SPRaak Software tool
This software is used to process the given speech data in such way that it resembles telephone speech.
See also this README for further information (section .stm files)
Processing a collection of files in SPRaak requires a corpus (or segmentation) file
A corpus files list the files (or parts thereof) and their content (orthographic description). Files in SPRaak are suposed to have a header (you can specifiy an external header if the file just contains raw data).
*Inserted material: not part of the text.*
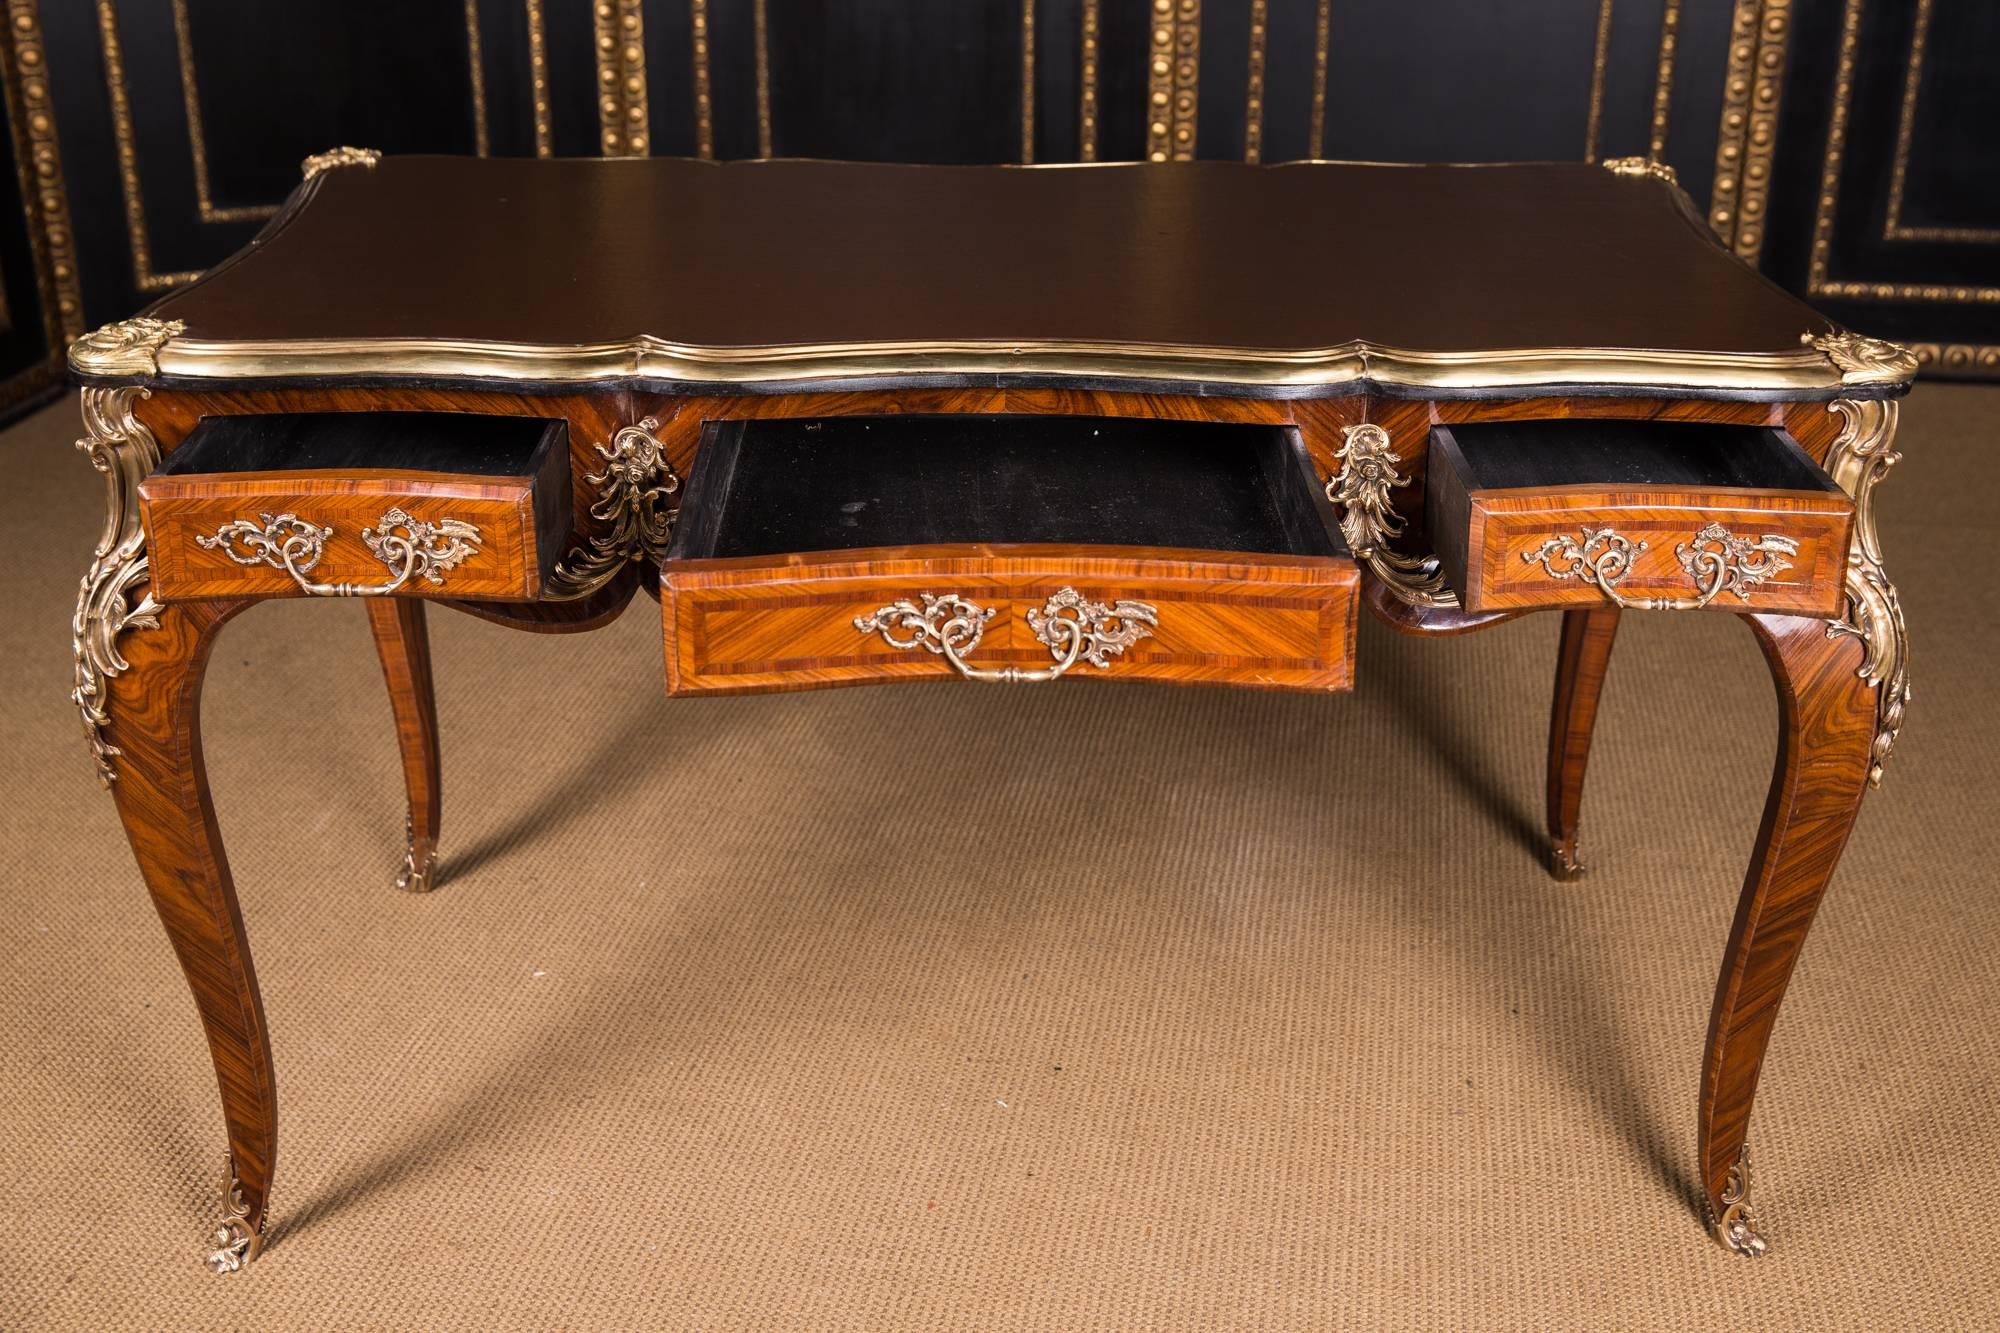 20th Century French Desk Bureau Plat in the Louis XV Style Bois-Satiné Veneer 4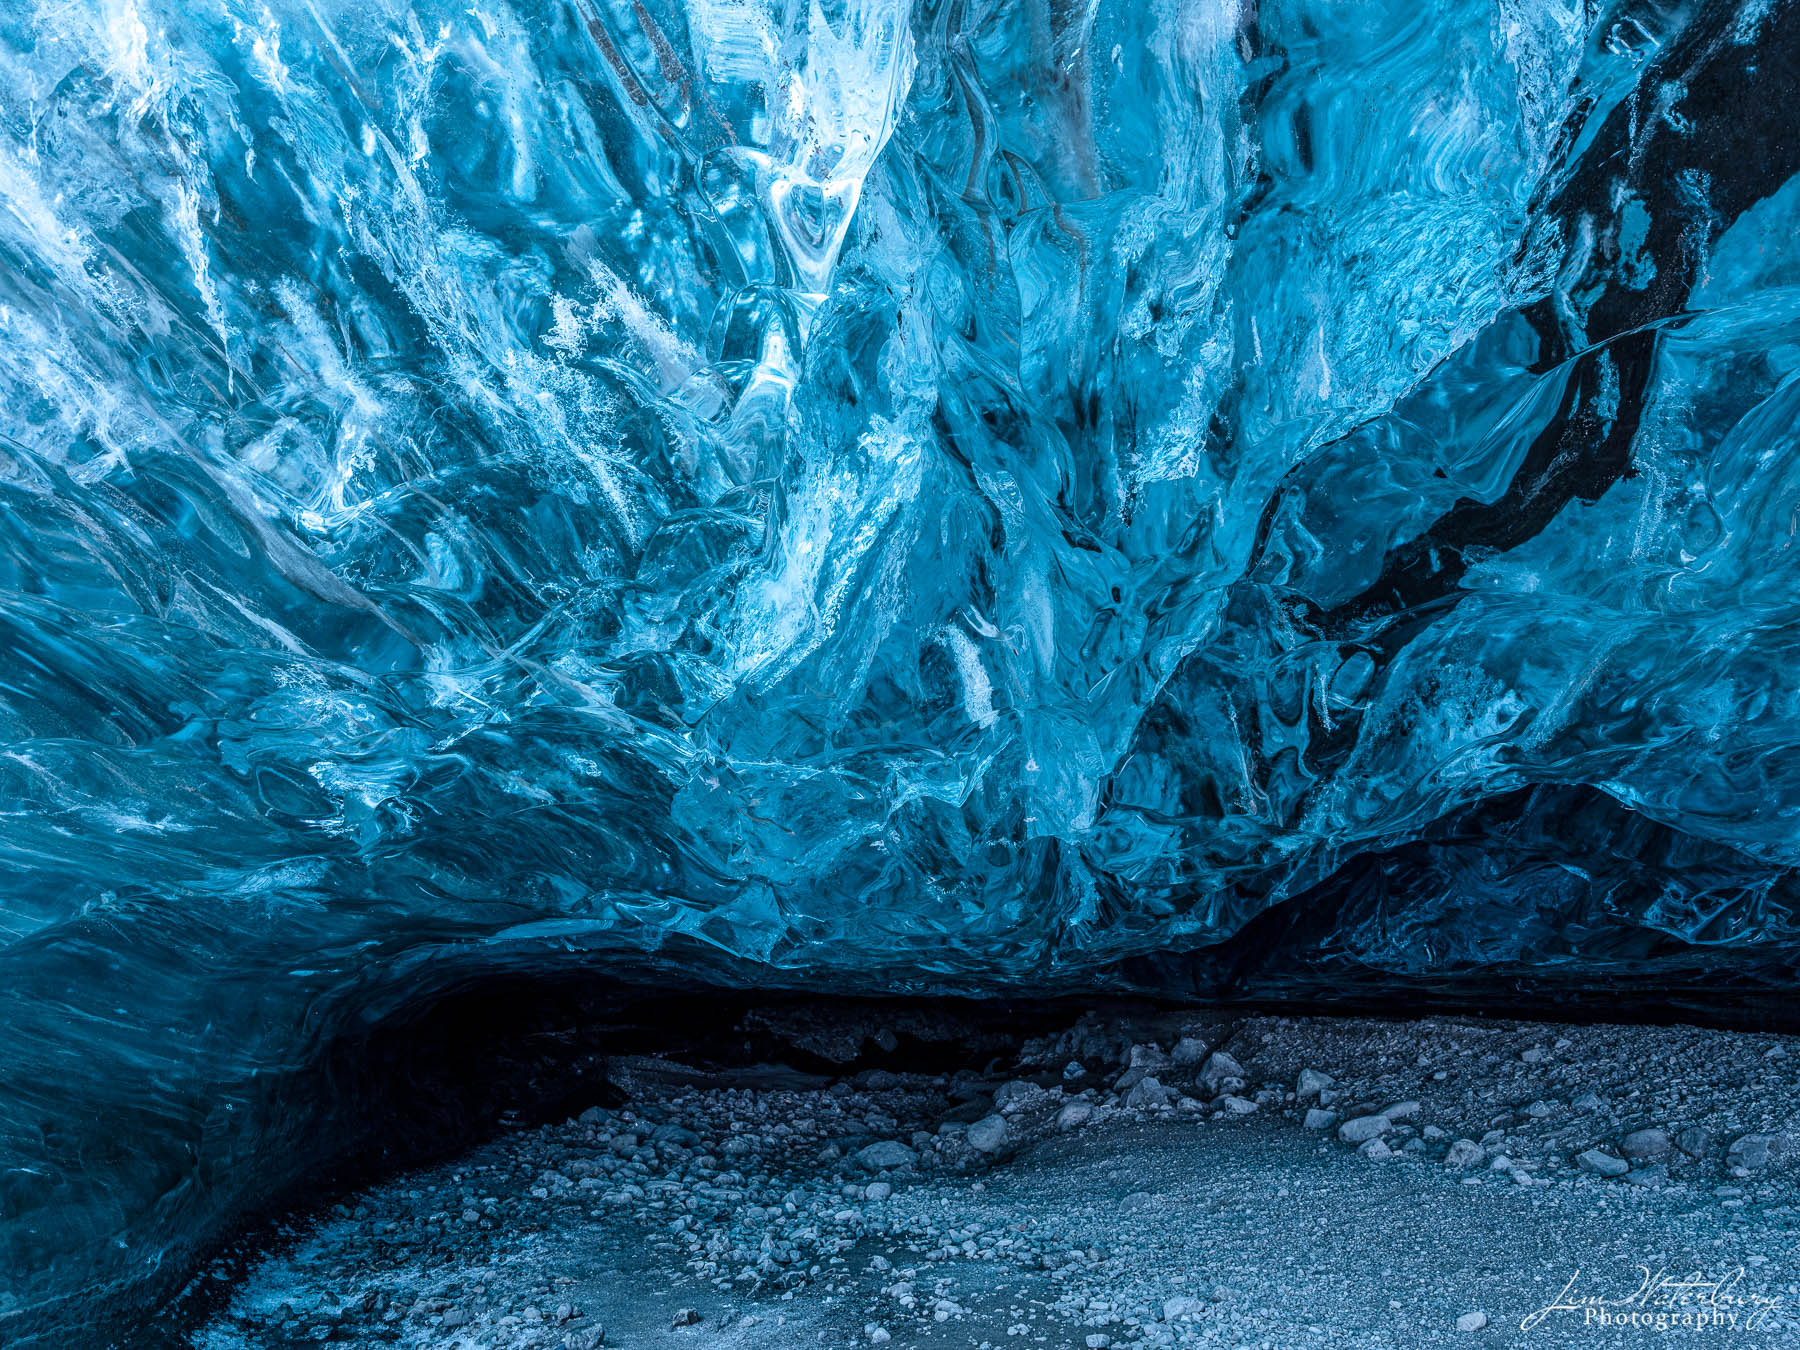 Blue ice at the entrance to an ice cave in the Breidarmerkurjokull outlet glacier (Vatnajokull), Iceland in winter.

The header start with the "magic" string ".spr", then continues with a set of "key" "value" value pairs, and ends with a line containing a single "#. The data start directly after the "#" (and newline character).
A corpus file contain ASCII based data (filename + orthographic description + time info + optional extra info), and had the following mandatory fields:
- field1: file name without source path of the databased and without extension; this allows reusing the same corpus file for listing the wav-files or various versions of processed data
use
-
if the next line describes the same file (e.g. when describing each sentence in a seperate line) - field2: orthograpic description (words are sperated by '_')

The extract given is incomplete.